Now comes the moment of transition: a pictorially beautiful one. The camera pulls back from the devastated trio, swoops around the wounded Enterprise-B to return to the star field of space. And slowly, the small white points in the blackness fades into the rippled blue of the ocean. The title says “78 years later.” So it is moving forward into the future—yet the images are from the distant past: a sailing ship, called Enterprise.

There is a certain elegance in this, as time takes on another dimension. The past is about to become an important element, as it relates to family, to personal meaning, to the vicissitudes of life, and to death.

It is a ceremony on the holodeck of the Enterprise-D, although that is not immediately apparent, especially to those unfamiliar with TNG. What we see is a sailing ship at sea against a brilliant blue sky, where we are introduced to the TNG crew, all in 18th/19th century naval uniforms (the Horatio Hornblower era.) As a set piece, it is gorgeous to look at, and it’s well-written, acted and edited. The ceremony—an initiation marking the promotion of Worf (Michael Dorn )-- illustrates a deference to naval tradition that has emerged now and again in Star Trek films, which tells us something about Picard’s own feeling for tradition that will soon become important, as well as illustrating the romance of exploration that Star Trek takes into space (In jump-starting the U.S. space program, President Kennedy referred to space as “the new ocean.”)

It is a daring and even elegant way to introduce the TNG crew—but is it effective? I recall my response to the film the first time I saw it. I loved the opening sequence aboard the Enterprise-B. But I was puzzled by the choice of this scene as the transition to the 24th century. It’s when I started feeling a bit uneasy.

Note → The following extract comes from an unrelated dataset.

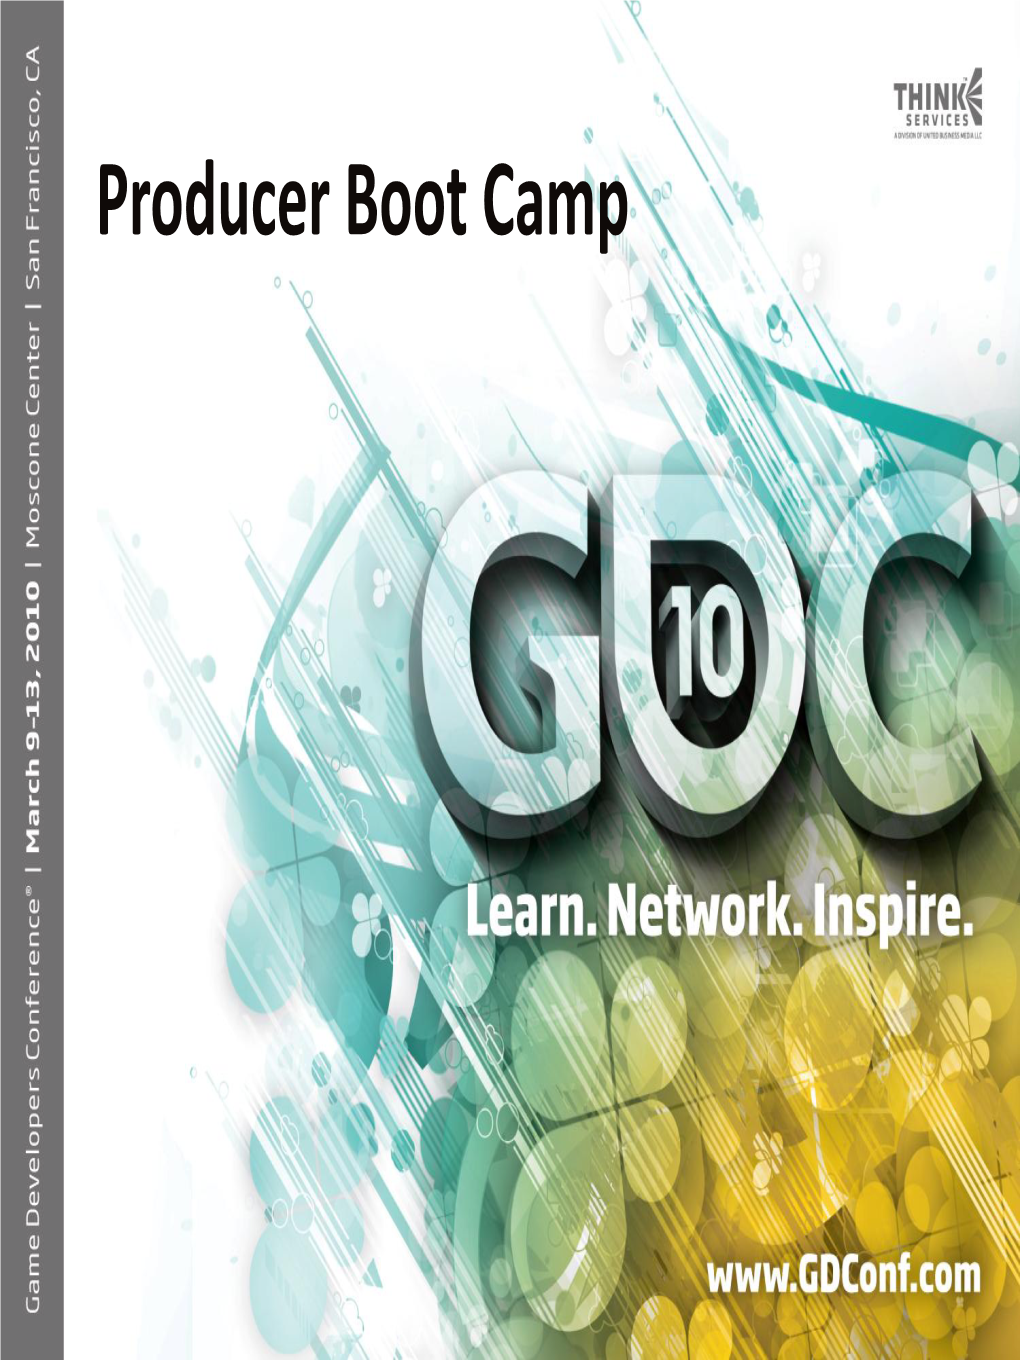 Producer Boot Camp Agenda
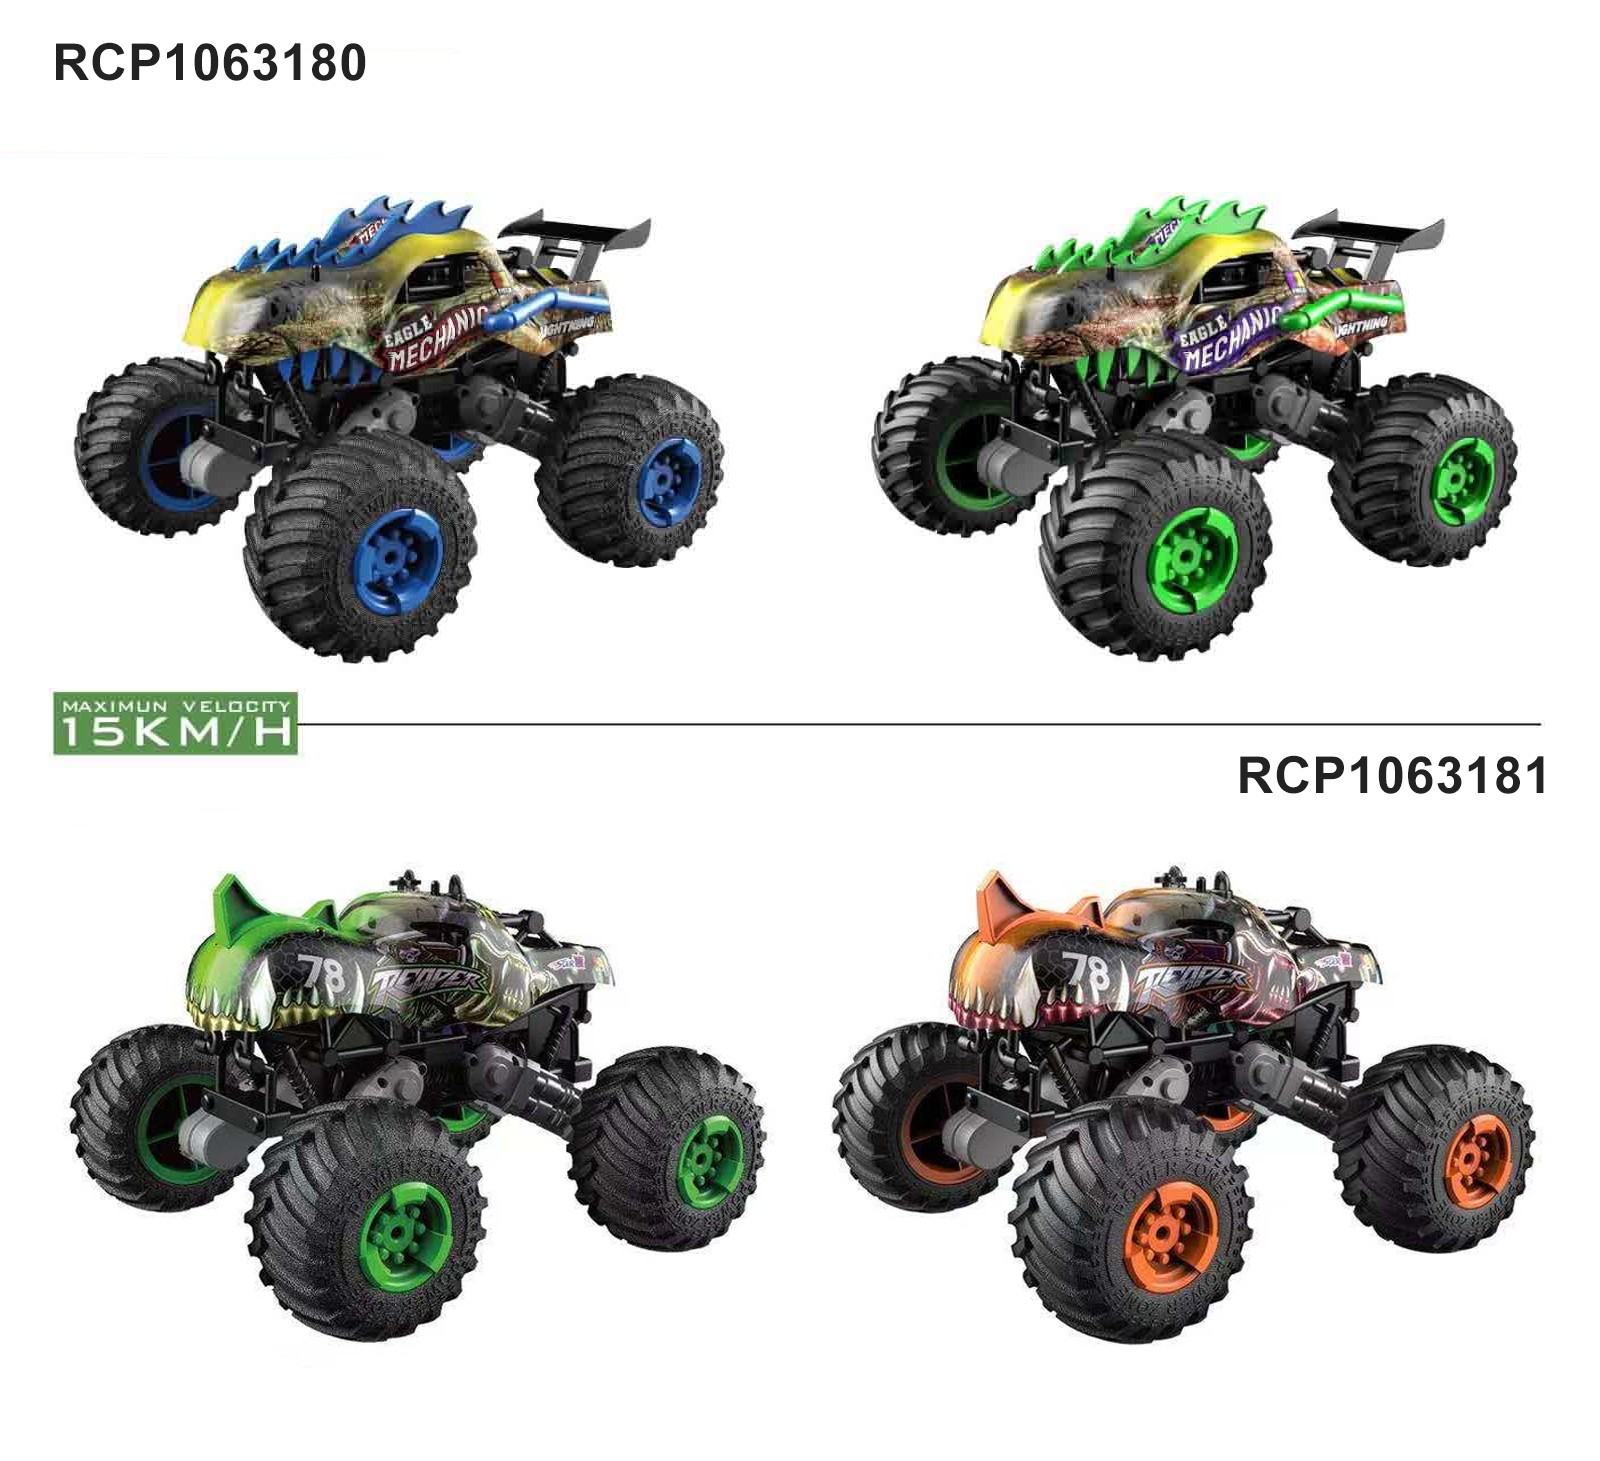 PAK TAT monster truck rc toys manufacturers

In their commentary, Moore and Braga admitted that in writing this movie they were “concerned with not doing what was expected.” They’d originally written a very different scene, in which a couple of bored and somewhat comic young 24th century Starfleet officers at an isolated outpost are complaining about how nothing ever happens there when a Romulan Warbird drops dramatically out of warp and attacks, with the Enterprise-D in hot pursuit.

The writers say that TNG series producer Jeri Taylor thought it was too standard a scene, and she suggested something very offbeat, like a closeup of Picard pushing an egg across the floor in Ten Forward with his nose. They essentially took that suggestion, and though they don’t admit it was a mistake, they more or less imply that it was. And it probably is. Because what we don’t see in the transitional scene is Captain Picard as a hero, as the 24th century descendant of Captain Kirk.

Though it’s not a fatal flaw, I don’t think Picard as a character ever quite recovers for the rest of the film. This failure to establish Picard as a hero in the first scene has an immediate consequence to the theme: though we are about to see the impact death and regret has on him, we don’t see the contrast of the theme as the writers state it: we don’t see a hero being forced to confront mortality, because Picard isn’t really established as a hero. TNG fans of course know that he is a hero. But it hasn’t been established in the film, and even fans can feel the lack of that emotionally.